Chronic Diarrhoea: This refers to diarrhoea that lasts longer than two weeks. While there is good evidence that antimicrobials are useful in management of this condition, a search should be made for non-infectious causes as well. In the ER, unless the patient appears toxic/septic, treatment should be supportive while necessary investigations are carried out, after which targeted treatment may be started, as antimicrobials would not be warranted in the myriad other conditions that can cause persistent diarrhoea (IBD, Irritable bowel syndrome, hyperthyroidism, drugs such as selective serotonin re-uptake inhibitors (SSRIs), etc.)

Traveller's Diarrhoea (TD): Traveller's diarrhoea may be defined as gastroenteritis that develops during, or shortly after, travel abroad. While TD has traditionally been treated with antibiotics35,36, some [writers] are arguing against its routine use.37

The reason for widespread use of short course antibiotics for management of this condition is that they have shown to modestly reduce the duration of symptoms by a few days36, though without much impact on disease severity. However, given that symptoms are typically mild and short lived in the first place and that risks of developing antibiotic associated diarrhoea (or other side effects, such as Stevens-Johnsons Syndrome) and causing development of antibiotic resistance strains are fairly high, routine use of antimicrobials in this scenario may not be justified and cannot be routinely recommended.37 Commonly used drugs in this case are ciprofloxacin or co-trimoxazole (SMX/TMP) (with ciprofloxacin apparently superior), but it is worth keeping in mind that the FDA has recently strengthened warnings on use of ciprofloxacin.38 Further, due to developing resistance of Campylobacter to fluoroquinolones in Southeast Asia, azithromycin has become the drug of choice.39

The World Gastroenterology Organisation recommends that antibiotics be considered for cases of TD with moderate to severe diarrhoea, or in cases presenting with fever and/or dysentery.35 Thus, antibiotic treatment should be limited to those with severe symptoms, or those that cannot afford to alter travel plans.

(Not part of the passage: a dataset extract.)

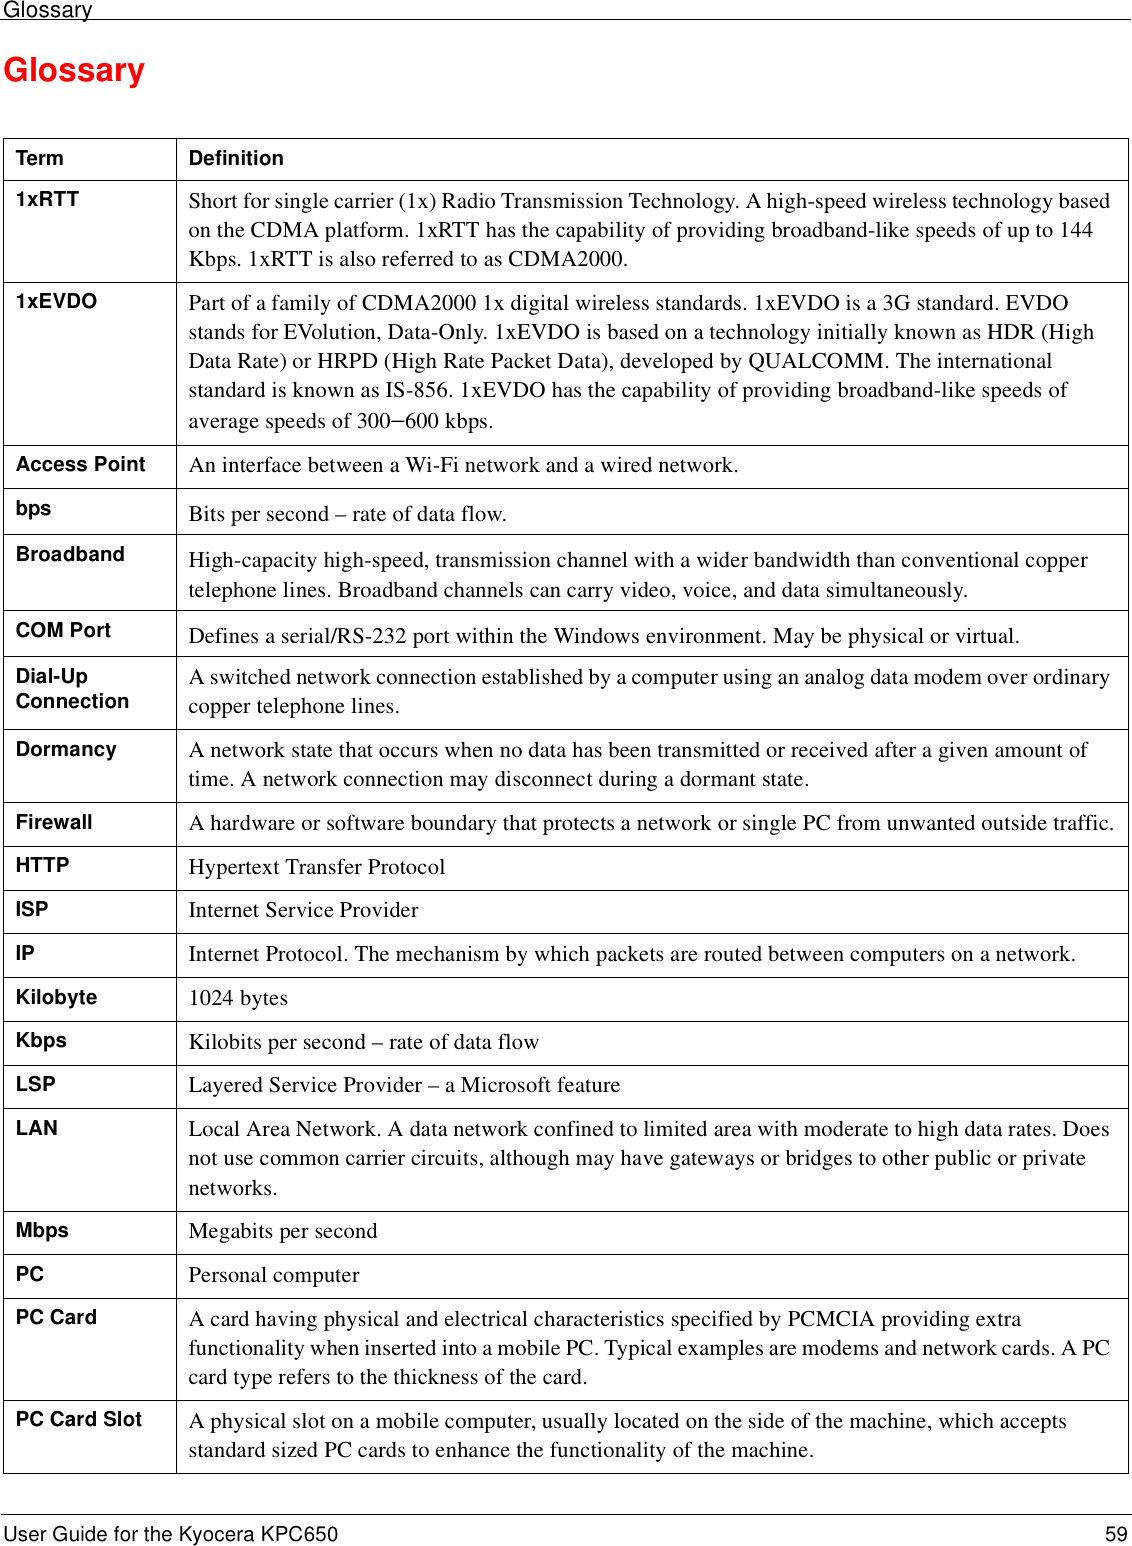 GlossaryUser Guide for the Kyocera KPC650 59 GlossaryTerm Definition1xRTT Short for single carrier (1x) Radio Transmission Technology. A high-speed wireless technology based on the CDMA platform. 1xRTT has the capability of providing broadband-like speeds of up to 144 Kbps. 1xRTT is also referred to as CDMA2000.1xEVDO Part of a family of CDMA2000 1x digital wireless standards. 1xEVDO is a 3G standard. EVDO stands for EVolution, Data-Only. 1xEVDO is based on a technology initially known as HDR (High Data Rate) or HRPD (High Rate Packet Data), developed by QUALCOMM. The international standard is known as IS-856. 1xEVDO has the capability of providing broadband-like speeds of average speeds of 300−600 kbps.Access Point An interface between a Wi-Fi network and a wired network.bps Bits per second – rate of data flow.Broadband High-capacity high-speed, transmission channel with a wider bandwidth than conventional copper telephone lines. Broadband channels can carry video, voice, and data simultaneously.COM Port Defines a serial/RS-232 port within the Windows environment. May be physical or virtual.Dial-Up Connection A switched network connection established by a computer using an analog data modem over ordinary copper telephone lines.Dormancy A network state that occurs when no data has been transmitted or received after a given amount of time. A network connection may disconnect during a dormant state.Firewall A hardware or software boundary that protects a network or single PC from unwanted outside traffic.HTTP Hypertext Transfer ProtocolISP Internet Service ProviderIP Internet Protocol. The mechanism by which packets are routed between computers on a network.Kilobyte 1024 bytesKbps Kilobits per second – rate of data flowLSP Layered Service Provider – a Microsoft featureLAN Local Area Network. A data network confined to limited area with moderate to high data rates. Does not use common carrier circuits, although may have gateways or bridges to other public or private networks.Mbps Megabits per secondPC Personal computerPC Card A card having physical and electrical characteristics specified by PCMCIA providing extra functionality when inserted into a mobile PC. Typical examples are modems and network cards. A PC card type refers to the thickness of the card.PC Card Slot A physical slot on a mobile computer, usually located on the side of the machine, which accepts standard sized PC cards to enhance the functionality of the machine.

Table-I: Common GI pathogens and some appropriate treatment options.

###Pathogen###Antibiotic of Choice###Dose

###Vibrio cholerae###Tetracycline###500mg qid (3 days)

###ETEC###Ciprofloxacin###500mg bid (3-5 days)

###Shigella spp. (Dysentery)###Ciprofloxacin###500mg bid (5 days)

###Campylobacter spp. (Dysentery)###Azithromycin###1g qDay (1-3 days)

###Salmonella (non-Typhoid;###Ciprofloxacin###500mg bid (10-14 days)


###Clostridium difficile###Metronidazole and/###400mg tds (7-10 days)

###or Vancomycin###and/or 125mg qid (7-10 days)

###Entamoeba histolytica###Metronidazole +###750mg tds (5 days) +

###Diloxanide furoate###500mg tds (10 days)

###Giardia intestinalis###Metronidazole###400mg tds (7-10 days)

Antimicrobial selection depends on the suspected pathogen. For example, the drug of choice for cholera is tetracycline, though doxycycline, azithromycin, or ciprofloxacin may also be used. For typhoid, recommendations vary by geography (due to different resistance patterns). In Southeast Asia, for instance, the preferred drug is cefixime. For TD, in immunocompetent patients, the drug selected should at least cover Shigella spp., Salmonella spp., ETEC, and Campylobacter spp.

Traditionally, ciprofloxacin and co-trimoxazole have been used, though there have been concerns recently over its side effects and development of resistance, respectively.

If the history is suggestive of amoebic infection, the recommended treatment is metronidazole and diloxanide,23,40 though there is data that suggests that a single dose of longer acting agent (e.g. secnidazole) is as effective as a course of metronidazole.41-43

Table-I summarizes the common GI pathogens and the antimicrobials that are effective in their eradication.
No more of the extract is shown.